The delegates played their parts; the men donned black eye patches, tricornered hats and swords tucked into thick belts. They took photos against a painted backdrop of a burning pirate ship flying the Jolly Roger. And when conversation turned to whether Jewish pirates are fantasy or actual history, there was much to discuss.
This was especially so because a day earlier, the delegates boarded buses to the Hunt’s Bay cemetery. The graveyard, partially hidden beyond a dusty lane in a refuse-strewn part of town, had served Jews of the pirate capital of Port Royal, across the bay, at the height of this trade in the 17th century.

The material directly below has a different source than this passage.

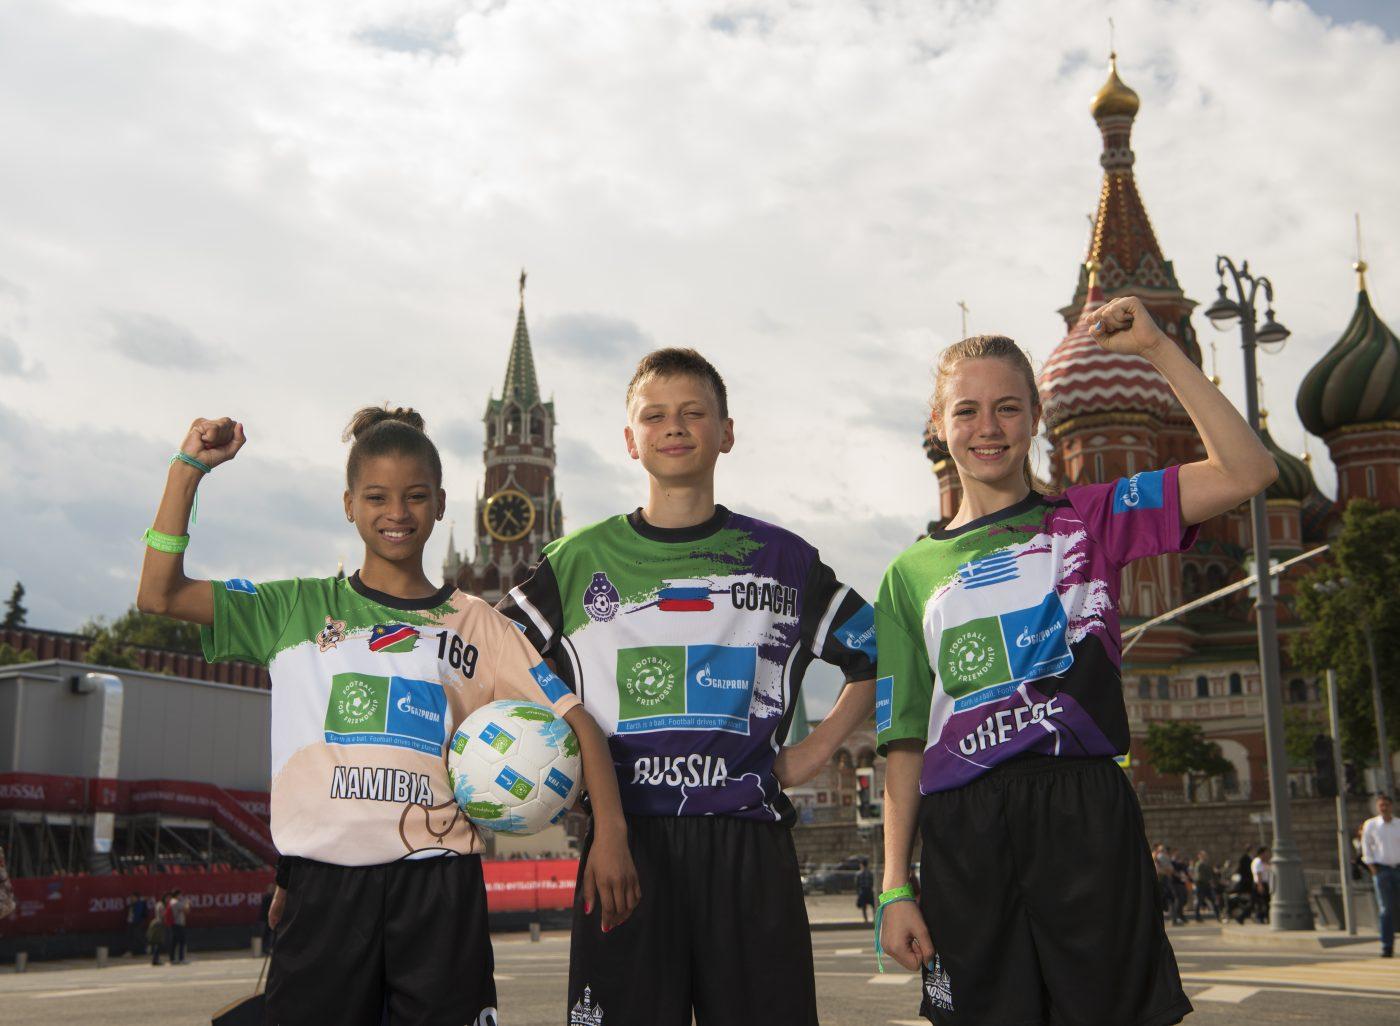 football-pour-amitie-programme-uefa-fifa-gazprom-3

Wandering the weed-covered rows of cracked headstones, delegates were confounded to see the skull and crossbones symbol carved onto a handful of them, right next to the expected biblical verses in Hebrew and epigraphs identifying the deceased in English or Portuguese.
The same day, at lunch, they listened to a talk by Edward Kritzler, a journalist and historian on the island who has spent over 30 years browsing local archives for Jewish pirate tales. His book on the subject, Jewish Pirates of the Caribbean: How a Generation of Swashbuckling Jews Carved Out an Empire in the New World in Their Quest for Treasure, Religious Freedom—and Revenge(Doubleday), is due out this month.
Even Amos Radian, the new Israeli ambassador to the Dominican Republic and several other Caribbean nations, was swept up. Radian had arranged to present a commemorative plate to conference organizer Ainsley Cohen Henriques. As a past president of the Jamaican Jewish community, Henriques was being recognized for his eight years of service as honorary Israeli consul on the island—despite the fact, quipped Radian, that one of Henriques’s ancestors had been the infamous Moses Cohen Henriques.
Fact or fiction? Truth or wishful thinking? The topic elicits strong reactions. Scholars of Jewish history tend to be dubious. “In all my research of Caribbean Jewry, conducted in five different Caribbean locations as well as in libraries and archives in the United States and Holland, I never came across the existence of people who could even remotely be called Jewish pirates,” insisted Josette Capriles Goldish, a research assistant at the Hadassah-Brandeis Institute in Waltham, Massachusetts. Goldish was born in Curaçao and is working on a book about Caribbean Jews.
“Jewish pirates? Not in my 30 years of research,” scoffed Rabbi Isidoro Aizenberg from New York, who has also researched and written about Caribbean Jewry.
Leaving piracy aside, mention the words buccaneer, smuggler, privateer or, as Goldish puts it in Spanish, “contrabandistas,” and there is far more consensus among experts that the Jews on the islands were heavily engaged in illegal trade. According to historians, restrictions and taxes imposed by the colonial powers were so tight there was no other way to conduct business.
Part of the discrepancy may therefore lie in terminology. There is a fine line between a privateer, with a government license to use his private army to attack and plunder enemy ships (and profit from the plunder), and a pirate. What does the privateer do with his assembled men when his contract is up? Is there a difference between a pirate and a buccaneer?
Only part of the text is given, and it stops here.